Facebook Twitter Google+ Les dernières actualités
vendredi 20 septembre 2019
Antananarivo | 12h20
 

Répondre à un commentaire

8 août à 13:12 | Vohitra (#7654)

C’est incroyable et du jamais vu !

Quand on n’arrive pas à maitriser un sujet, il faudra s’informer ou faire appel à des conseillers en la matière !

Ca me rappelle à l’esprit ce qui s’était passé du temps de l’Amiral, oui toujours lui, à l’poque où il avait conseillé aux Malagasy de prendre l’habitude de diversifier ses habitudes alimentaires et consommer du concombre de mer.

La consommation fréquente du poulet de chair est dangereuse pour la santé, il faut le dire. Les provendes pour l’alimentation de ces poulets renferment des quantités conséquentes d’antibiotique, c’est pour cela qu’on arrive à produire un kilogramme de chair en l’espace de 40 à 45 jours d’élevage, et entraînant par la suite des problèmes de résistance, et l’apparition de problème de cholestérol et l’augmentation de la tension artérielle chez les consommateurs, et si les Malagasy optent pour la consommation de ces poulets, c’est parce que c’est moins cher sur le marché et ne prends pas trop de temps pour la cuisson. Les poulets Gasy sont de bonne qualités gustatives mais pour obtenir un kilogramme de viande en condition d’élevage, il faudra au moins une année entière. Il est loin le temps où les Malagasy arrivaient encore à consommer les célèbres « akoho mifahy » d’antan…
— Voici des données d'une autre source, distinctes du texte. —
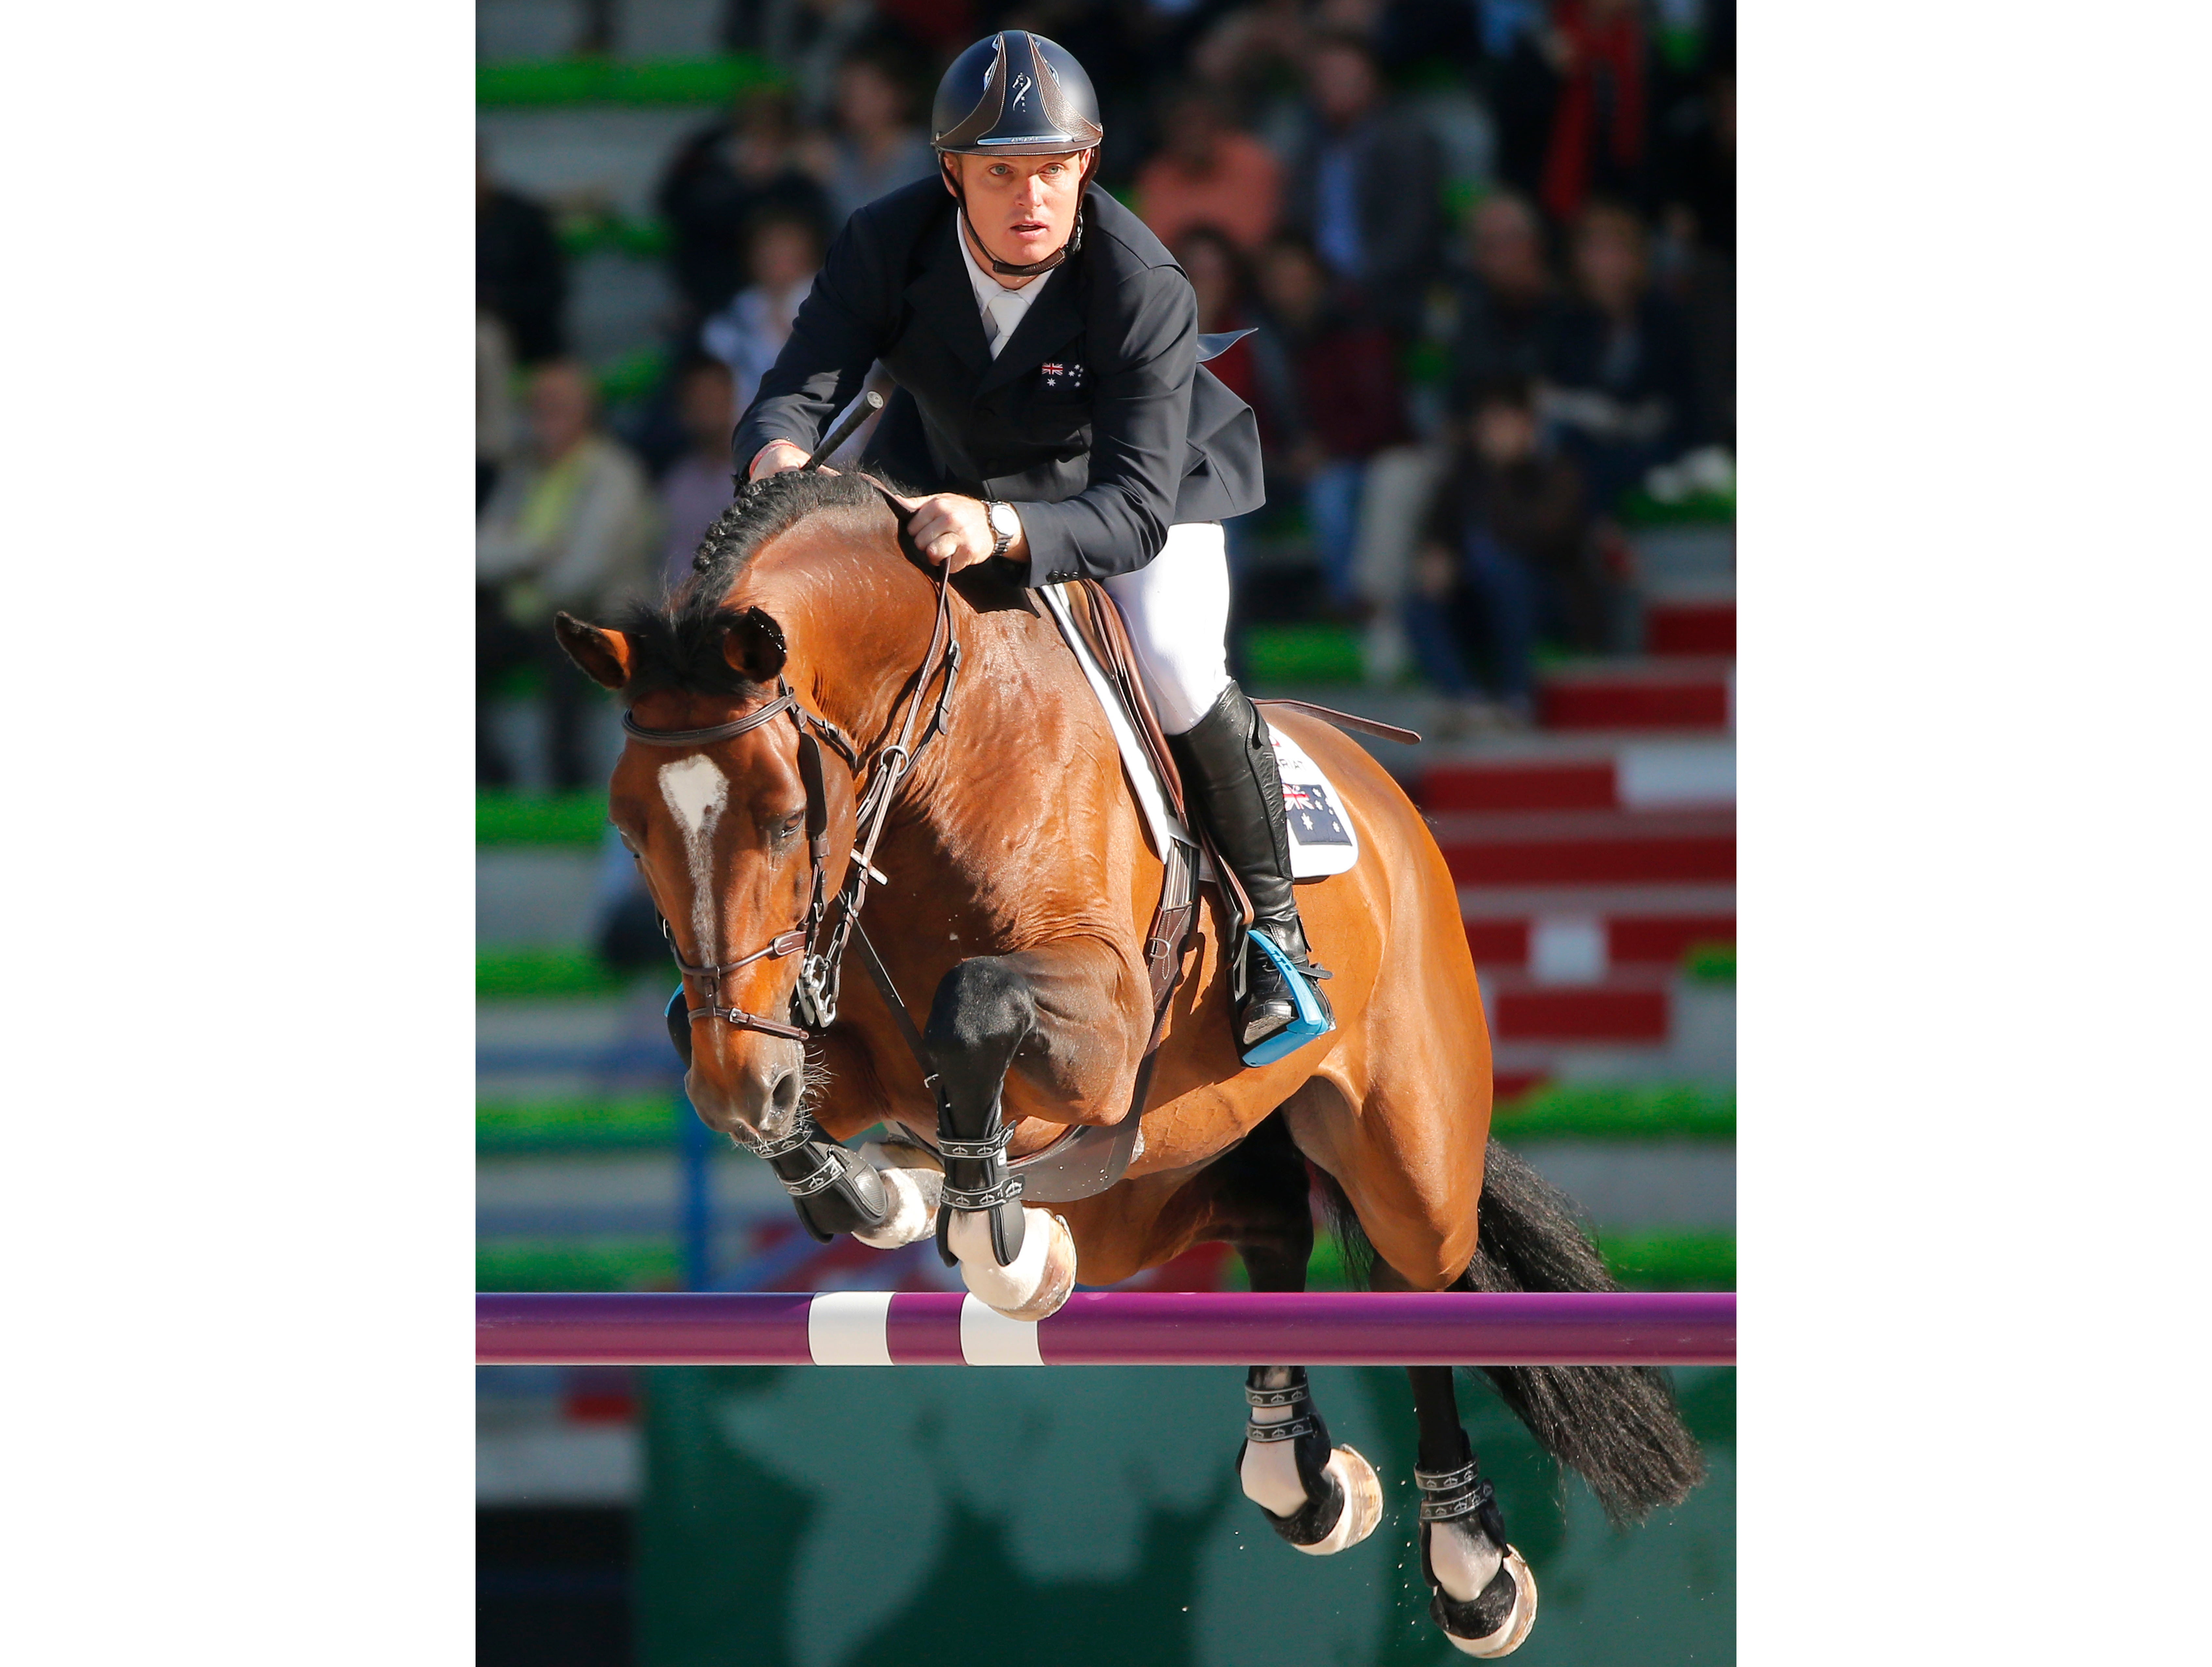 File: In this 2014 image, Jamie Kermond of Australia competes at the FEI World Equestrian Games in Caen

Ces poussins de un jour qu’on distribue sur le marché en vue de l’élevage à cycle court sont pour la plupart en provenance de l’île Maurice, et avaient envahis le paysage agricole du pays depuis le moment où le pouvoir d’achat des Malagasy a chuté.

Dans le Velirano, il est indiqué que le régime s’attachera à augmenter la superficie rizicole du pays de 100.000 hectares afin de résorber l’importation annuelle de 500.000 tonnes de riz tout en sachant les rôles et place du riz dans l’histoire et coutumes et civilisation du peuplement du pays, et là maintenant on conseille au malagasy de consommer du mais ! Est-ce là le changement tant clamé urbi et orbi ?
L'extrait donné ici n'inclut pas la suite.